The U.S. Department of Commerce today announced that E.D. Bullard of Cynthiana, Kentucky, agreed to pay a $330,000 civil penalty to settle charges that it exported and re-exported thermal imaging cameras to Austria, the Czech Republic, France, Germany, Israel, Spain, Switzerland, and Venezuela in violation of the Export Administration Regulations (EAR). In addition, Bullard Gmbh, of Bonn, Germany agreed to pay a $36,000 civil penalty to settle charges that it resold, re-exported, and transferred thermal imaging cameras to Austria, France and Switzerland in violation of the EAR.

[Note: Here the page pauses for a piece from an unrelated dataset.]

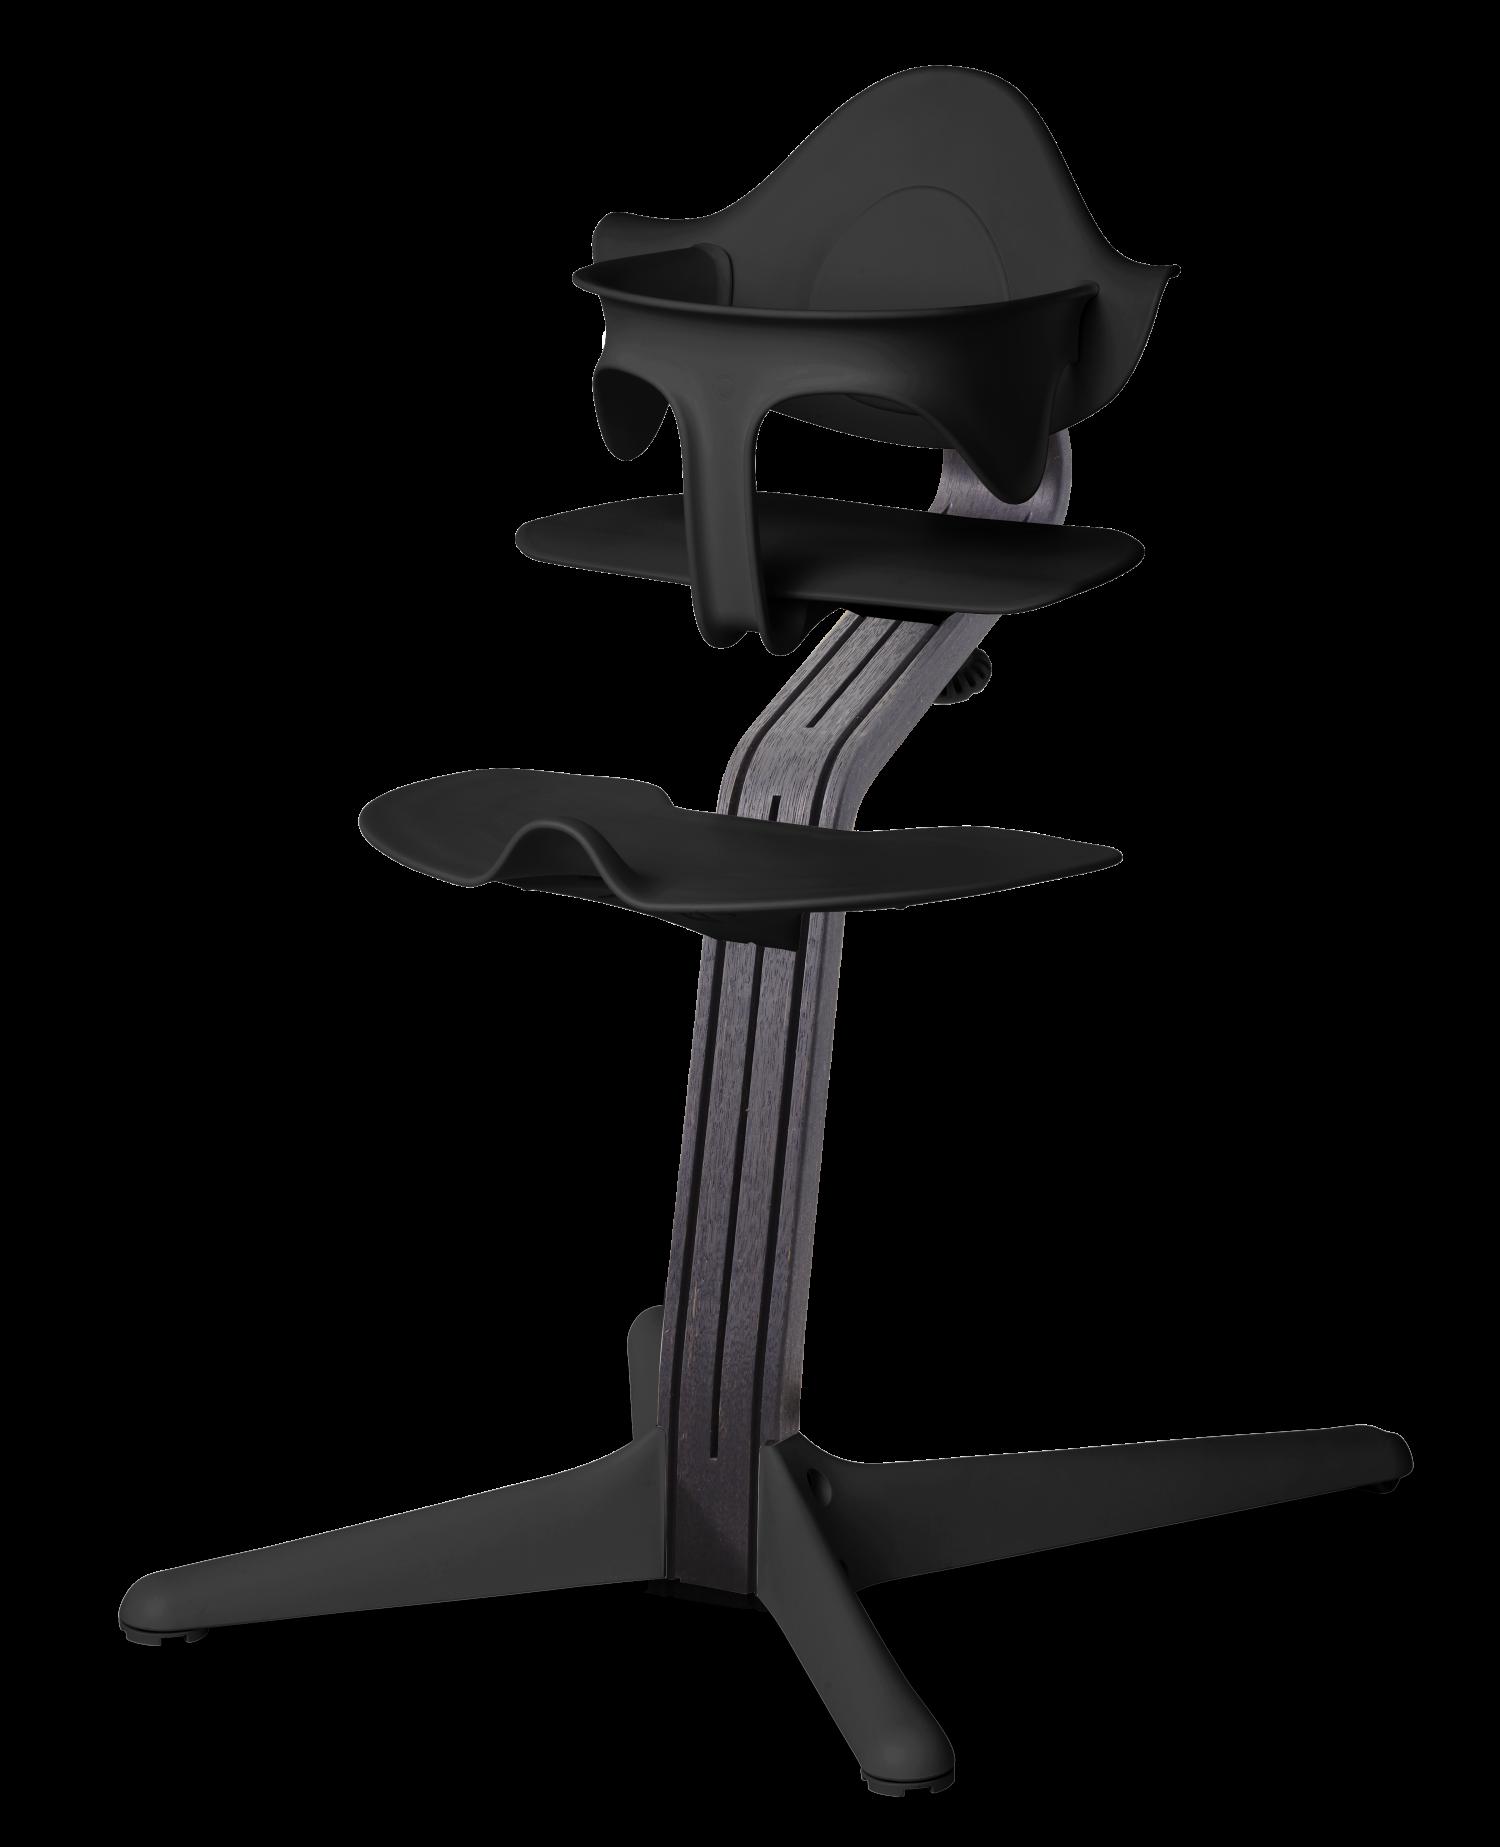 Nomi NOMI Hochstuhl Ideales Set ab 6 Monaten Basic Eiche schwarz gebeizt und Stuhl schwarz

The Commerce Department’s Bureau of Industry and Security (BIS) charged that Bullard and its subsidiary, Bullard Gmbh, committed 61 violations of the EAR between February 2000 and March 2002. Bullard, with assistance from Bullard Gmbh, caused the export, re-export, reselling and transferring of thermal imaging cameras from the United States to the aforementioned countries without the required export licenses, to intermediate consignees not authorized under a license, after a license had expired, in quantities exceeding those authorized by a license, and in violation of the terms and conditions of a license. In addition, Bullard was charged with making false statements on Shipper’s Export Declarations in connection with many of the shipments. The export violations did not result in the diversion of any cameras to countries for which Bullard did not have export licenses.

“Exports of thermal imaging cameras are controlled in order to ensure that they are not diverted into the hands of proliferators or terrorists. This case illustrates the consequences of failing to comply with export license requirements and conditions,” said Wendy L. Wysong, Acting Assistant Secretary of Commerce for Export Enforcement.

Acting Assistant Secretary Wysong commended the Washington Field Office of BIS’s Office of Export Enforcement for its work on this investigation.